# TASK ITEM
Print the lines that run from the line with "Projekt Trio - JLH Patio Lord Jack" to the line with "Balenciaga jeans con nastro monogram in vita", keeping both end lines, exactly as they appear in the entries below, and nothing else.

# TASK DATA

**********

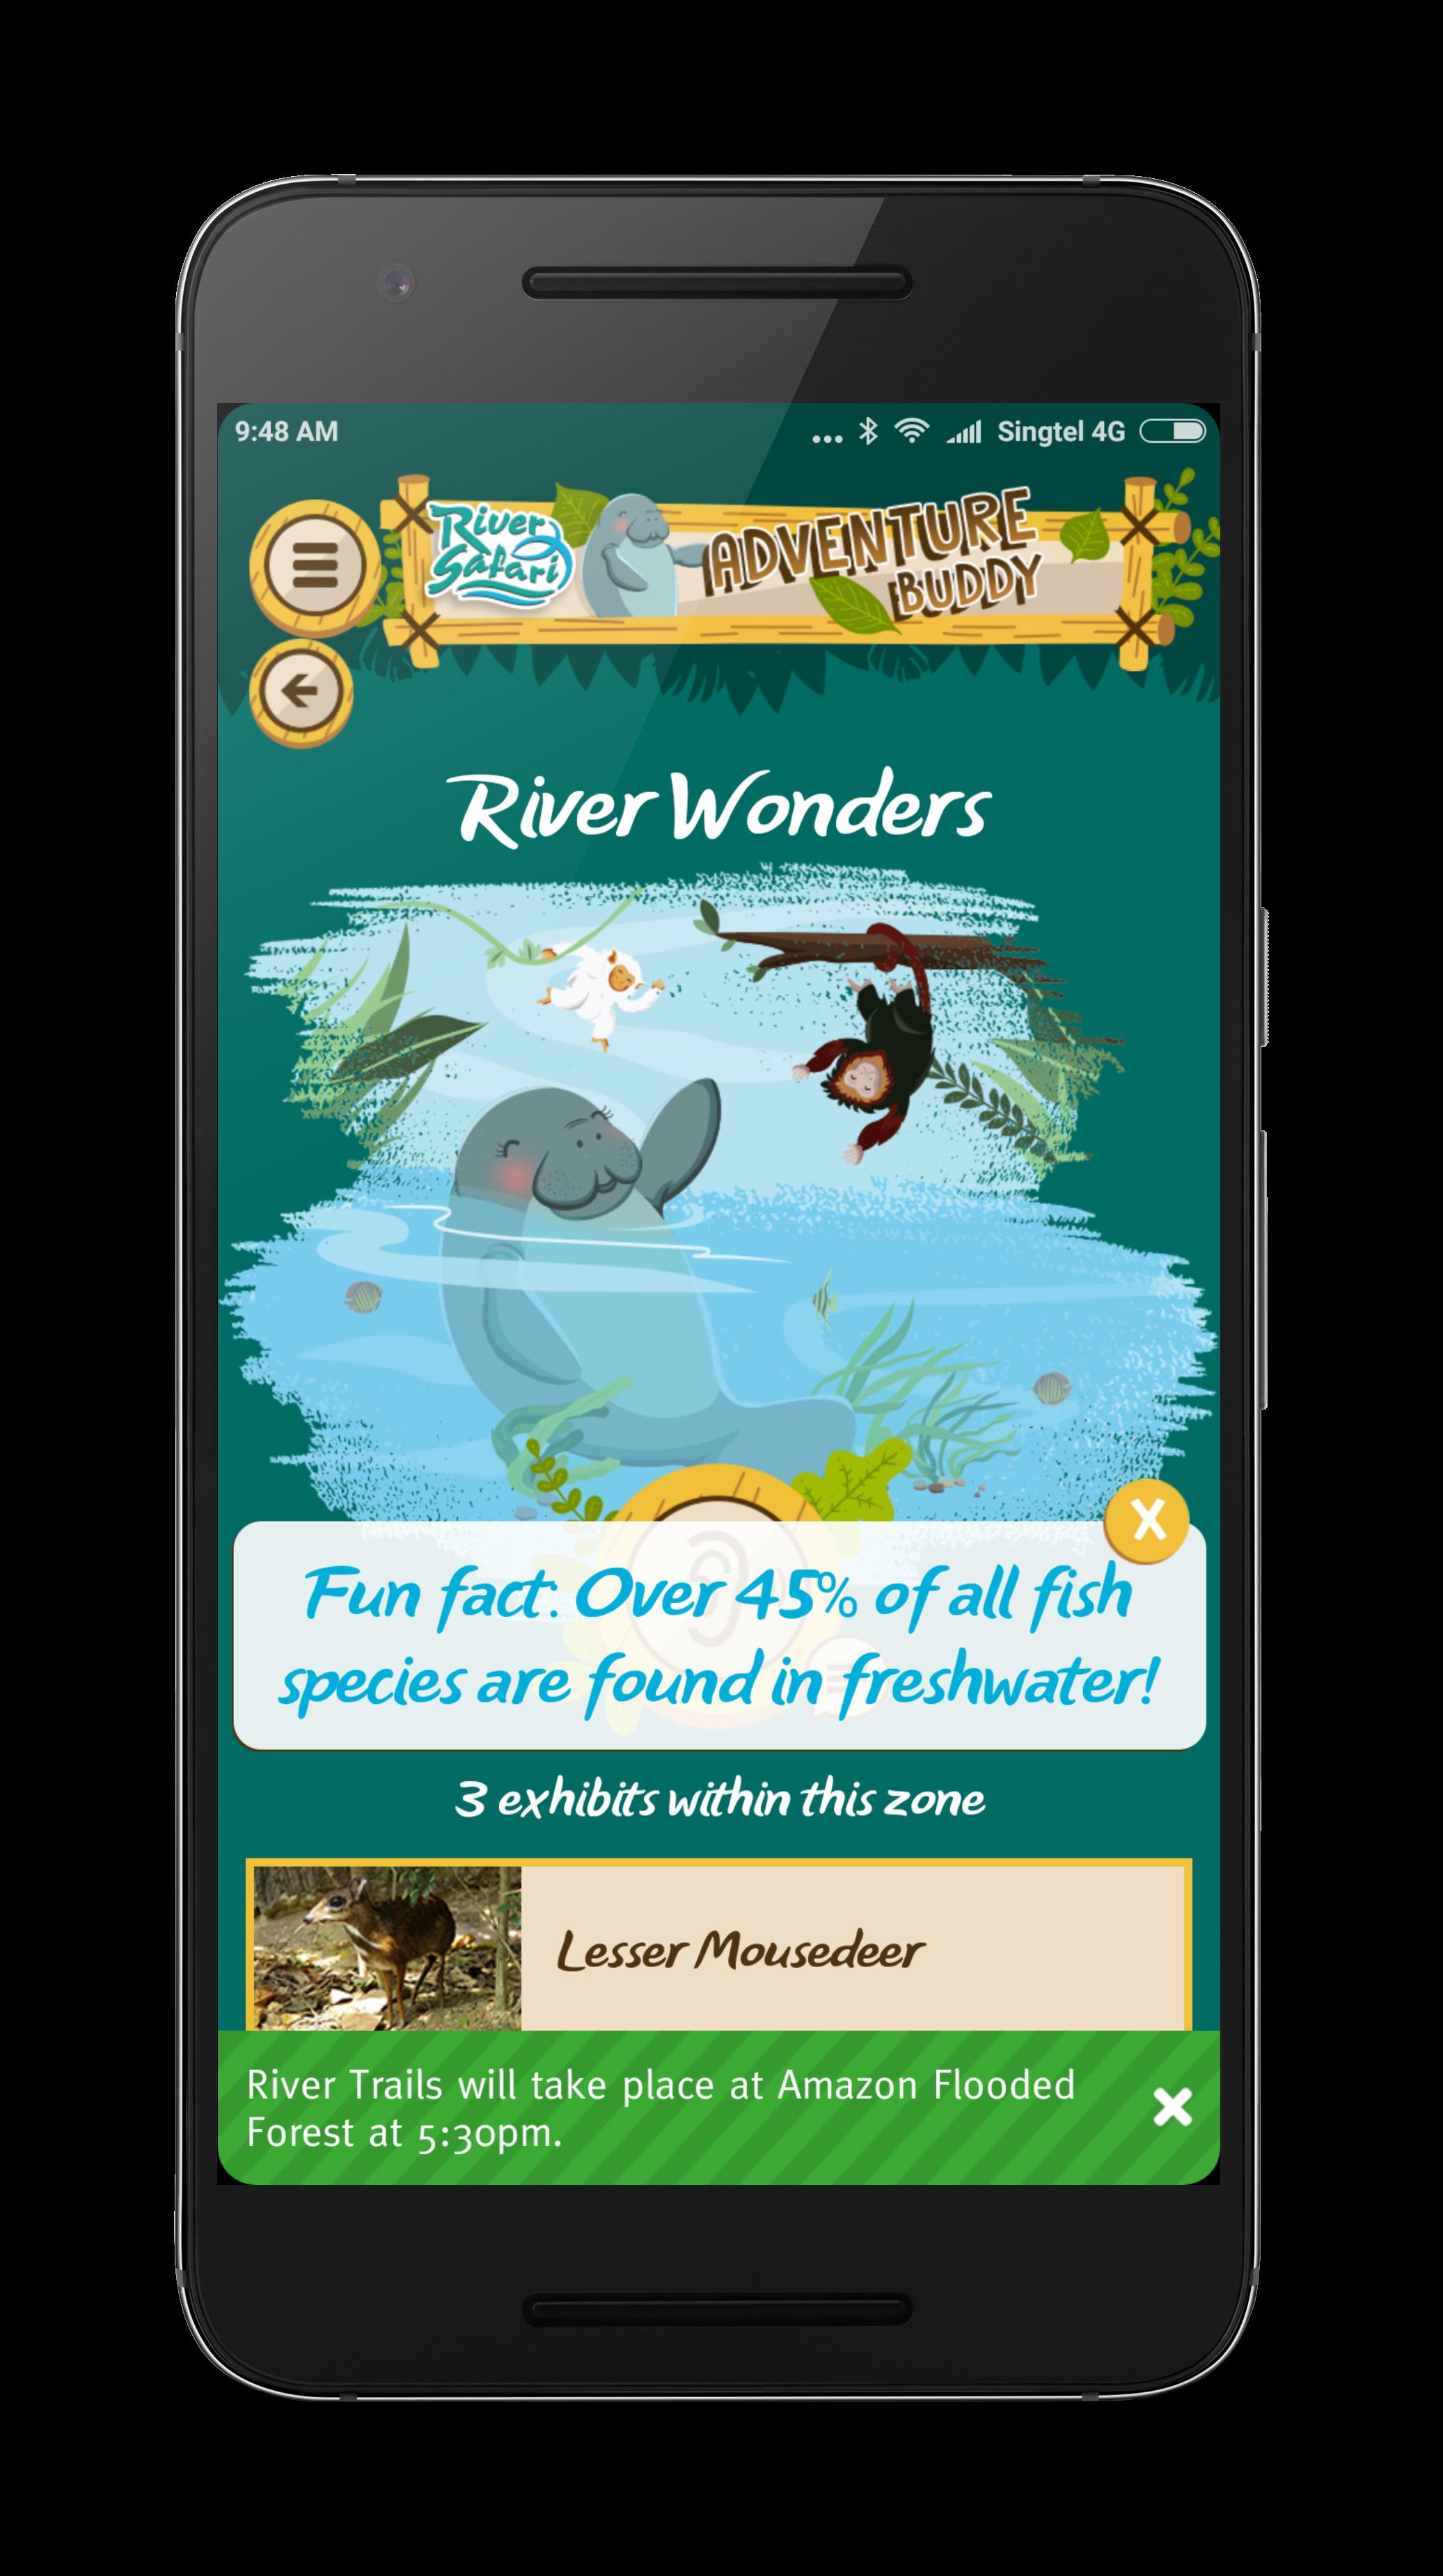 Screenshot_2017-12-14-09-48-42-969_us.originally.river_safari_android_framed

**********

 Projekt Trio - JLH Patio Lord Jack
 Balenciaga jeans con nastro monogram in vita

**********

# WRITTEN ANSWER
 Projekt Trio - JLH Patio Lord Jack
 Balenciaga jeans con nastro monogram in vita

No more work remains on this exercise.